Our history is a history of nobility of soul, of human dignity. It
is a history to which we have recourse when attack and grievous wrong
are directed against us, when affliction and calamity befall us.
God has led our ancestors from generation to generation. He will guide us and our children through these days. We stand before our God, strengthened by His commandment that we fulfill.
We bow to Him and stand erect before man. We worship Him and remain
firm in all vicissitudes. Humbly we trust in Him and our path lies clear
before us; we see our future.
All Israel stands before God in this hour. In our prayers, in our hope, in our confession, we are one with all Jews on earth. We look upon each other and know who we are; we look up to our God and know what shall abide.
-By Leo Baeck (adapted), from The New Mahzor (the prayer book for Rosh Hashanah and Yom Kippur that my synagogue uses).
From Wikipedia:
Baeck was born in Lissa (Leszno) (then in the German Province of Posen, now in Poland), the son of Rabbi Samuel Baeck, and began his education near Breslau at the Conservative Jewish Theological Seminary in 1894. He also studied philosophy in Berlin with Wilhelm Dilthey, served as a rabbi in Oppeln, Düsseldorf, and Berlin, and taught at the Hochschule für die Wissenschaft des Judentums (Higher Institute for Jewish Studies). In 1905 Baeck published The Essence of Judaism, in response to Adolf von Harnack's The Essence of Christianity. This book, which interpreted and valorized Judaism through a prism of Neo-Kantianism tempered with religious existentialism, made him a famous proponent for the Jewish people and their faith. During World War I, Baeck was an army chaplain in the German Imperial Army. In 1933, after the Nazis seized power, Baeck worked to defend the Jewish community as president of the Reichsvertretung der Deutschen Juden, an umbrella organization that United German Jewry from 1933-1938. After the Reichsvertretung was disbanded during the November Pogrom, the Nazis reassembled the council's members under the government controlled Reichsvereinigung. Leo Baeck headed this organization as its president until his deportation in January 1943
On 27 January 1943, he was deported to the Theresienstadt concentration camp. And after the camp was liberated by the Russians in May 1945, he became the Jewish figure head as the Elder of the Jews.

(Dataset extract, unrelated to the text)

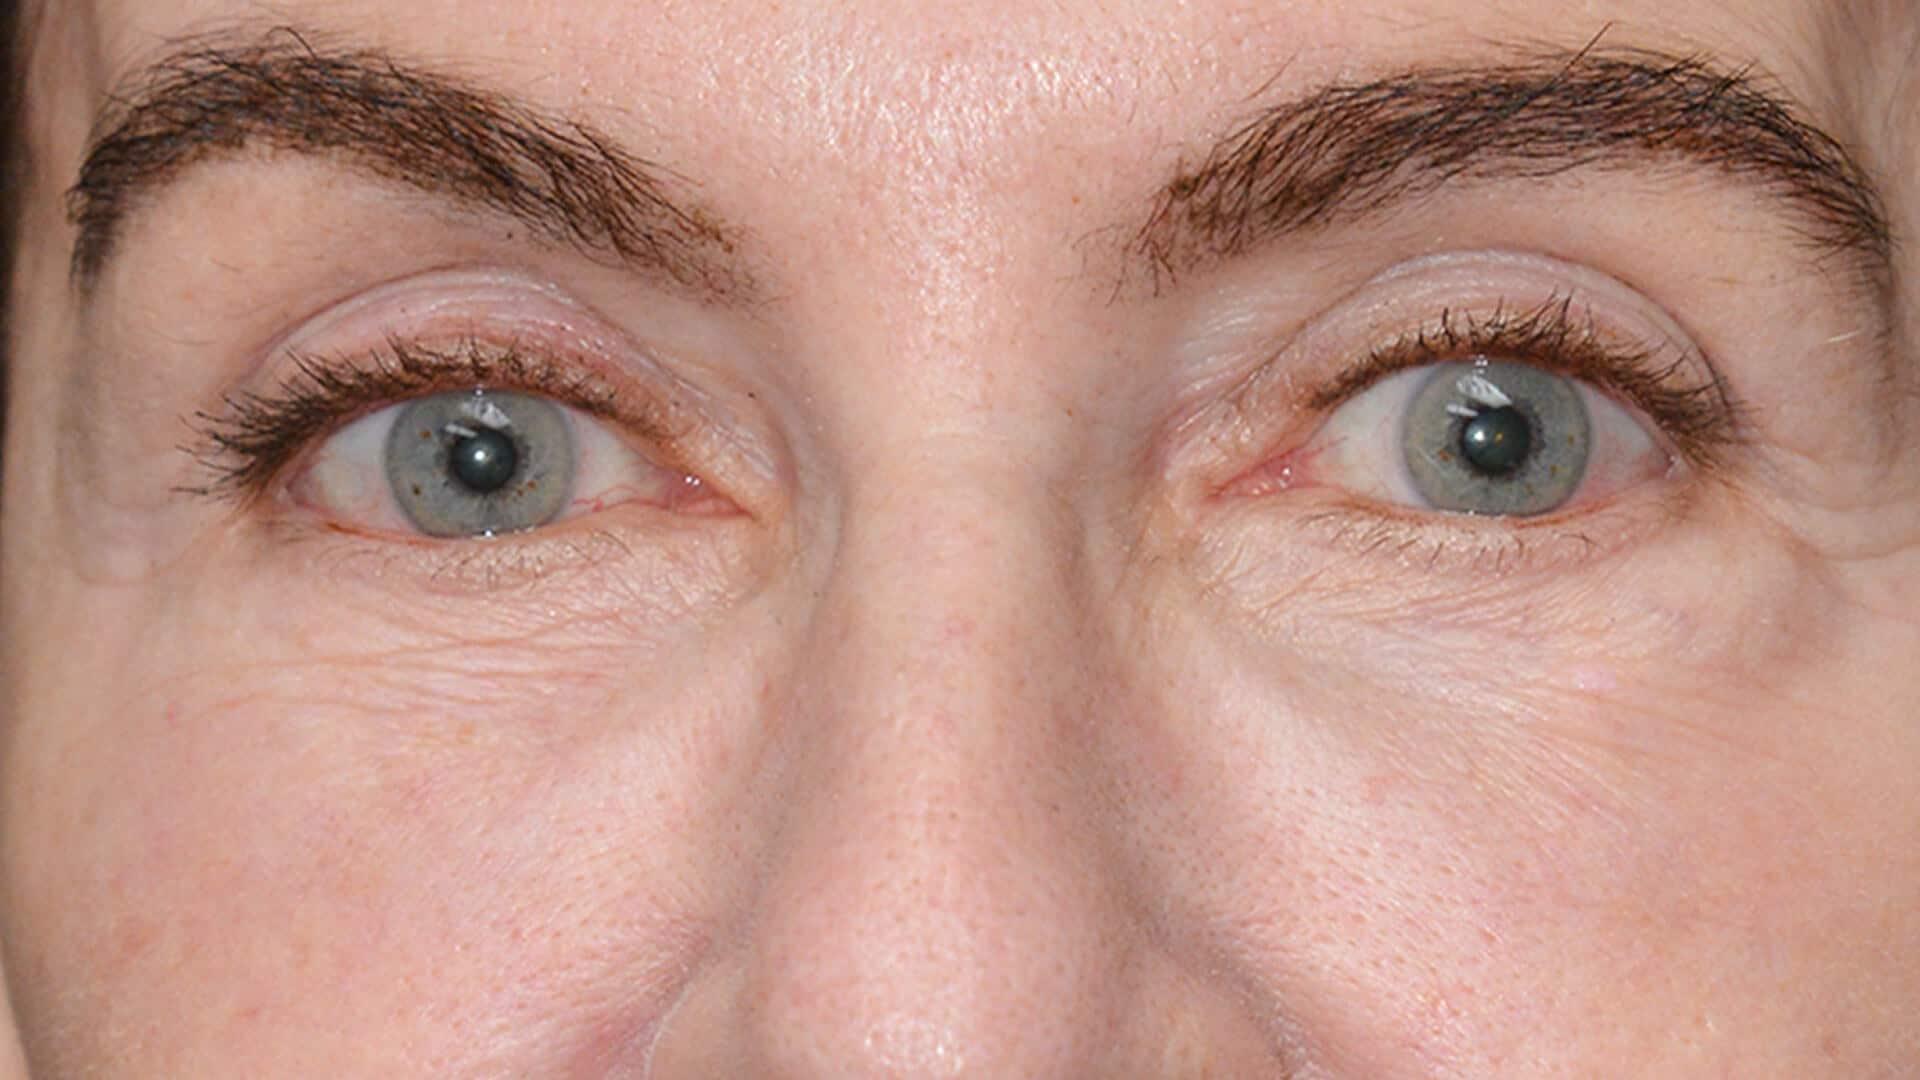 Case 35695 LowLid Blepharoplasty Before

Leo Baeck did not play a decisive role in the Jewish administration of the ghetto until its last days. Yet he never ceased to be a symbol to and a leader of the Jews imprisoned in Theresienstadt. In Berlin, he had been a leader of the German Jews; in Theresienstadt, he became a spiritual leader and symbol, leader to thousands of Jews from all parts of Nazi-occupied Europe.
Up until his deportation, numerous American institutions offered to help him escape the war and immigrate to America. Leo Baeck refused to abandon his community in the camps and declined the offers.

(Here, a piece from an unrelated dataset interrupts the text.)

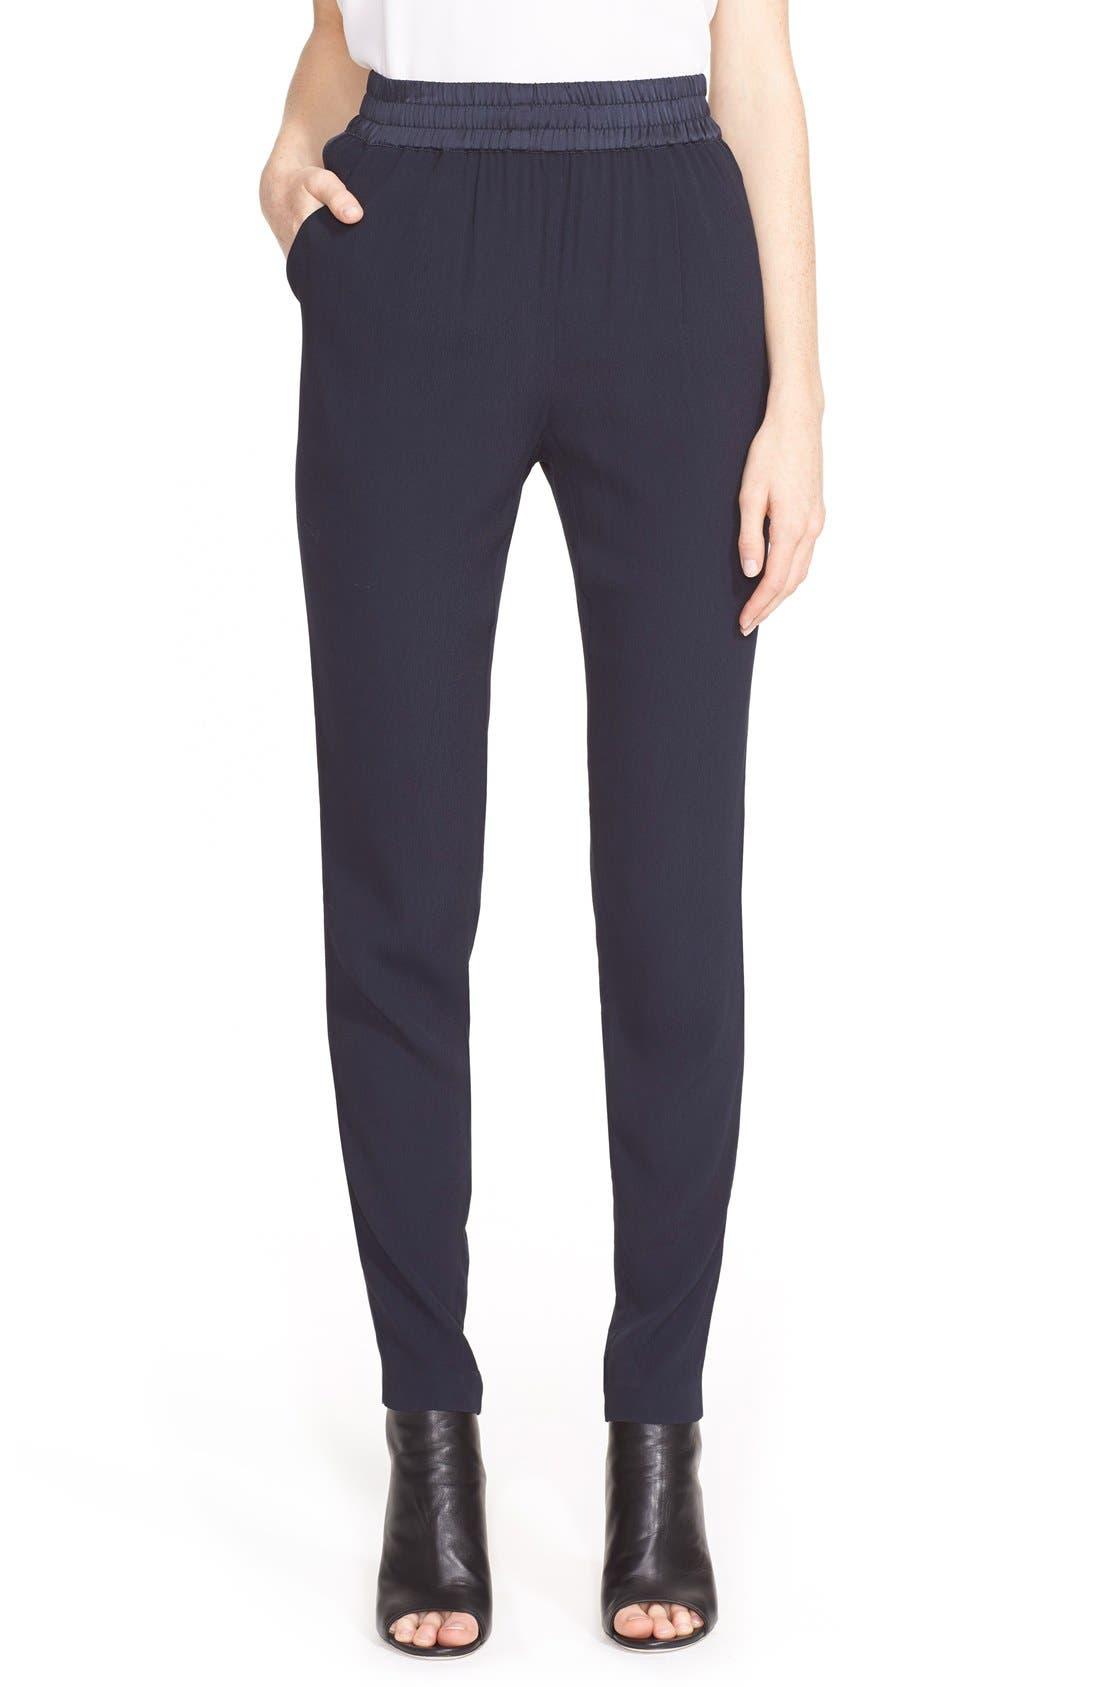 Alternate Image 1 Selected - Rebecca Taylor 'Emma' Side Stripe Pants

After the war, Baeck relocated to London, taught at Hebrew Union College in America, and eventually became Chairman of the World Union for Progressive Judaism. It was during this time he published his second great work, This People Israel, which he partially penned during his imprisonment by the Nazis.

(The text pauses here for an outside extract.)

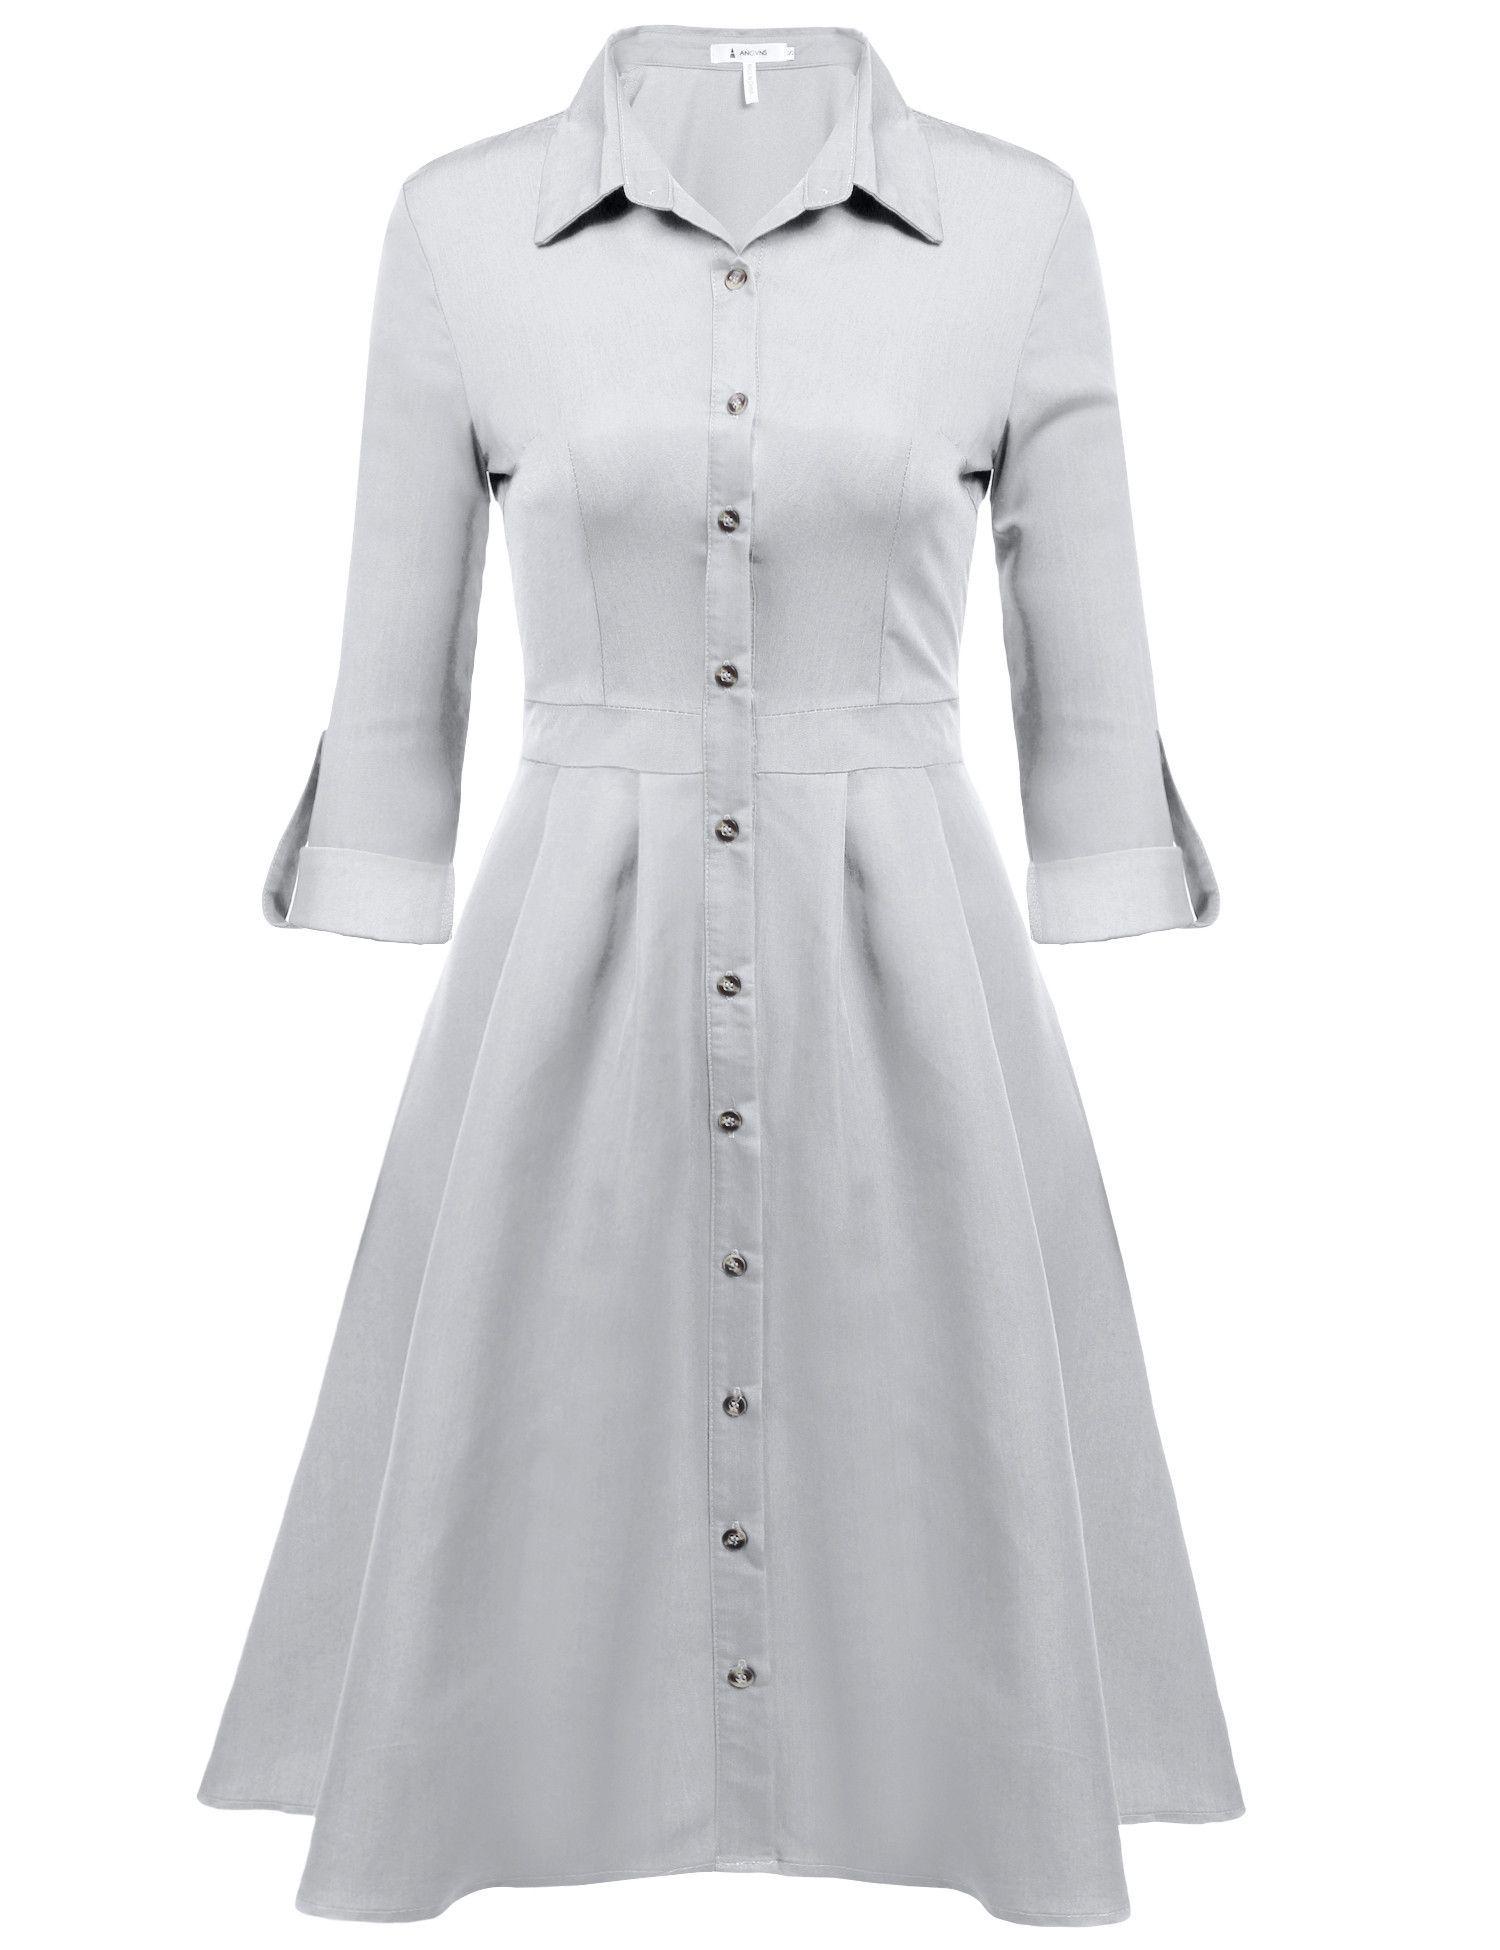 Women casual long sleeve solid buttondown collar tunic swing dress

In 1955, the Leo Baeck Institute for the study of the history and culture of German-speaking Jewry was established, and Baeck was the first international president of this institute. The asteroid 100047 Leobaeck is named in his honour, as is Leo Baeck College, the Reform/Progressive rabbinical college in London.
He died on November 2, 1956, in London, England and has seven living descendants, a granddaughter, a great-grandson, and five great-great-grandchildren (four great-great-grandsons and one great-great-granddaughter.) His daughter and great-grandson are deceased.